The University Children’s Hospital’s Fitness Clinic is one of 16 hospitals chosen by the National Association of Children’s Hospitals and Related Institutions to take part in a collaborative focus group to combat childhood obesity through research and treatment, the University recently announced.

The study, funded by Mattel Children’s Foundation, will continue for 18 months and will include three meetings with representatives of the participating hospitals as well as daily sharing of information through e-mail and telecommunications, explained Susan Cluett, a Children’s Fitness Clinic nurse practitioner and program director.

The goal of the focus group is to bring together an interesting and diverse group of people to address the issue of childhood obesity in the United States, NACHRI Child Advocacy Director Karen Seaver-Hill said, describing obesity as being “among the most vexing health problems facing children today in the world of preventative health.”

Seaver-Hill added that this research is important because children today face adult diseases as a result of obesity.

“It is only together [that] we can find out what is best for these kids,” she said.

The focus group’s reason for selecting the 16 participants, Seaver-Hill said, was “to strike a balance of opinion, a balance of application, a balance of hospital type and a regional balance ... [to] have as many voices at the table as possible” in order to develop a comprehensive understanding of what leads to childhood obesity.

Seaver-Hill explained that the focus group itself creates the agenda for research, and the study ranges from questions concerning sustainability of treatment to the role of insurance companies.

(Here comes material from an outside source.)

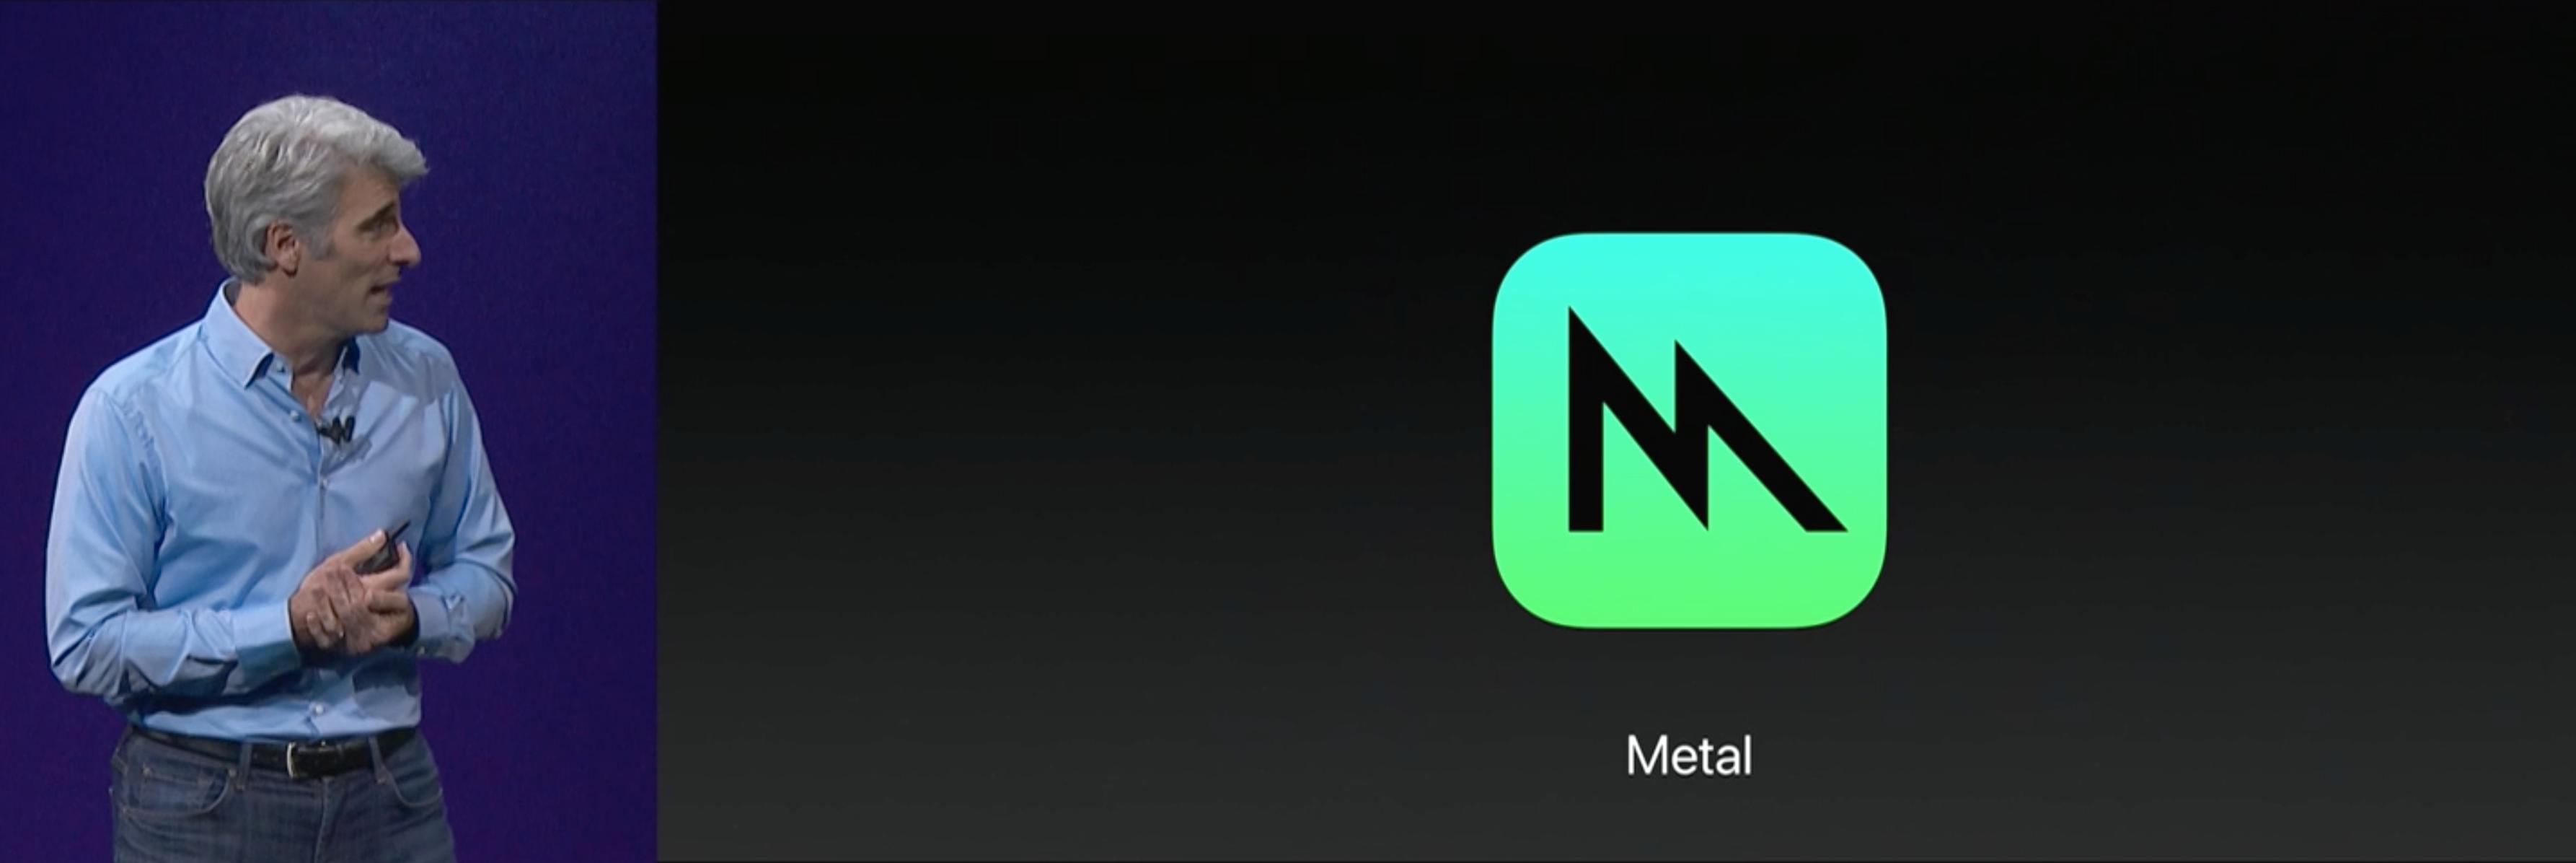 Apples Metal-programvare er blitt mer avansert og oppgradert.

This study offers a chance to learn how to provide standardized care for the treatment of childhood obesity, Cluett said, explaining that “it is a unified effort because it is a big issue.”

One of the issues the group is considering, Cluett said, is reimbursement.

“A lot of insurance companies don’t recognize obesity as a disease, so the reimbursement rate for managing obese kids is not what it should be,” she said, adding that this could be one factor explaining why some families do not seek medical attention for obesity.

Another important aspect of the focus group’s study, Cluett said, is the development “of a toolbox for primary care physicians for standards of care for the treatment of childhood obesity.”

Cluett said she hopes to see the development of a set of guidelines for the treatment of obesity by primary care physicians that the American Academy of Pediatrics would accept.